Hi all,
Abstinance is not impossible. It's merely a choice. Do we love the idea of sex and fitting in with the world more, or do we love God more?
My wife is an incredibly beautiful woman, and coming from a Christian family, she chose to keep God's word until we were joined. It was not easy for her, because she had many approaches and often wanted to experience what other people her age were going through, but she persevered.
I was the opposite. I was not a Christian and was very sexually active. To be honest, I can't even remember most of the girls I was with. I can say to you now though, that I wish I had stayed a virgin until marriage.
Why? Yes, it is God's will, but why does God want us to keep pure for the one we will marry?

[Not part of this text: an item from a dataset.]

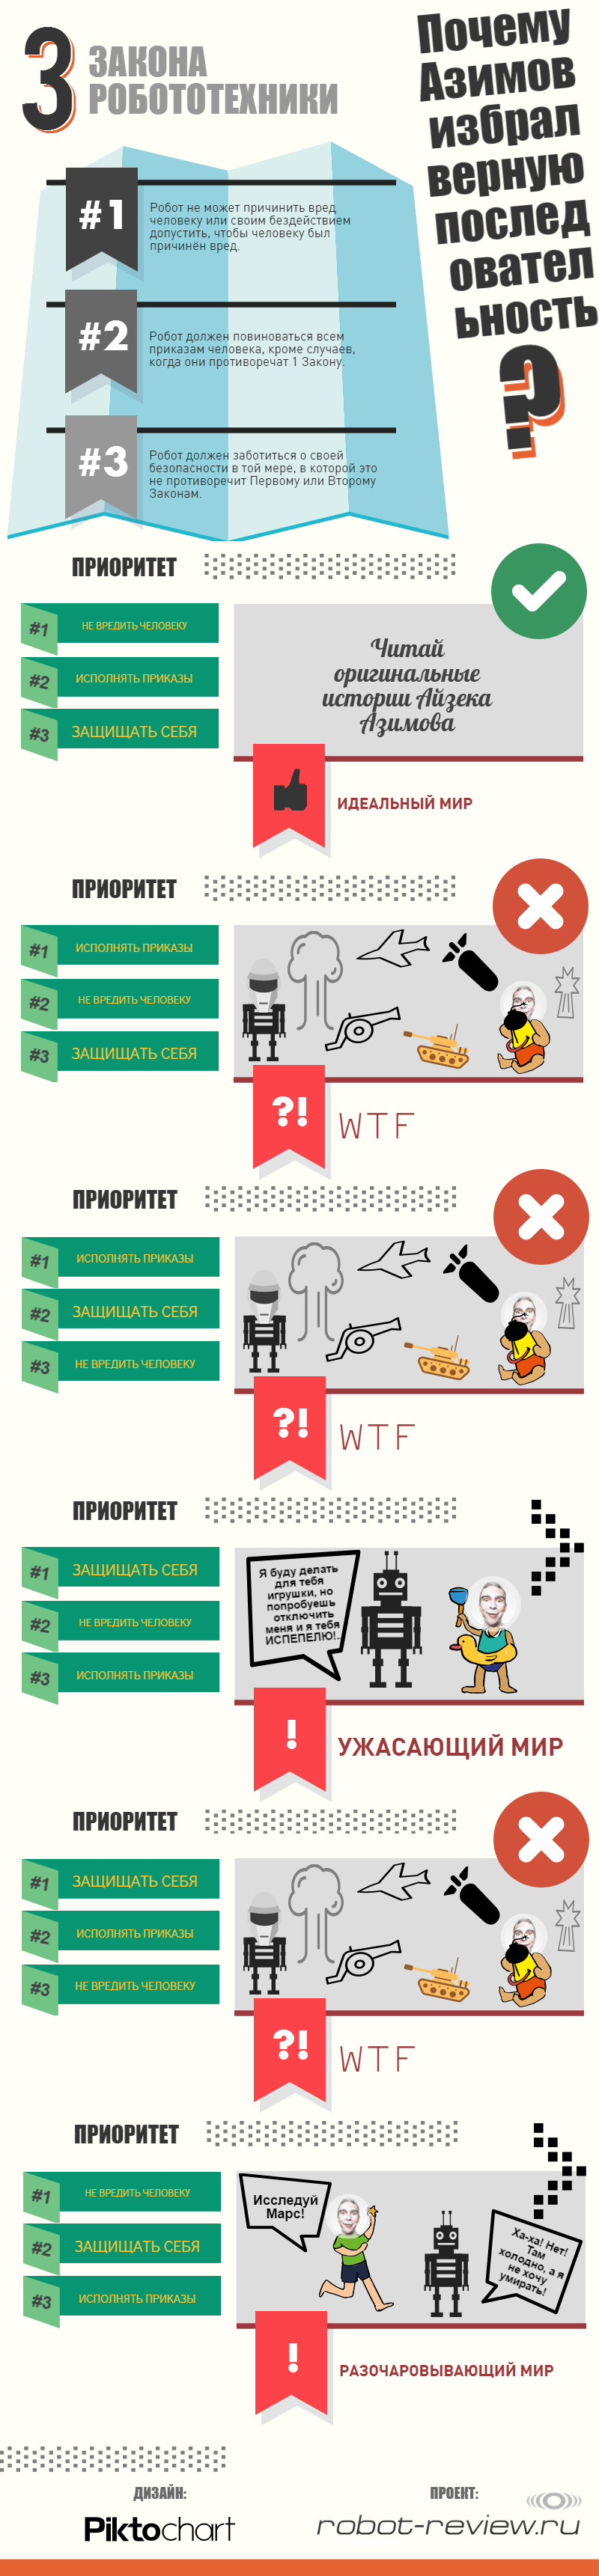 Инфографика: Три закона робототехники

I believe it is because God created us, and he knows what is truly best and beneficial for us. So God created man in his own image, in the image of God he created him; male and female he created them (Ge 1:27)
When my wife and I are together, she can give herself fully to me. I am the only man she has ever known, and sex for her is completely tied to me and the love we have together. I believe the Bible tells us that when we have sex with a woman, we become 'one flesh' (Ge 2:24). I've united myself with so many women, and they each have a small part of me. When I am 'with' my wife. I'm only partially there. My thoughts sometimes drift to other women... and this is not fair to her, to our relationship, or to the commitment I made with God when I married her. I truly wish I could be as sexually devoted and focussed on her as she is to me.
There is also a price to pay for the women I've been with. In some way, I've also left my mark on them, and been responsible for some of the brokeness in their relationships because of that. This was my act of selfishness, because I think as men, we know that sex often means more emotionally to the woman than it does to us.
The idea that sex makes us men is a lie. Following the herd because I am too weak to stand by what I believe does not make me a man.
Having the strength and the courage to do what is right, and Godly, not through my strength, but through God's... that makes me a man. God has so richly blessed me in every way, but most of all through Christ in my life. How can I not give him what little I have to offer?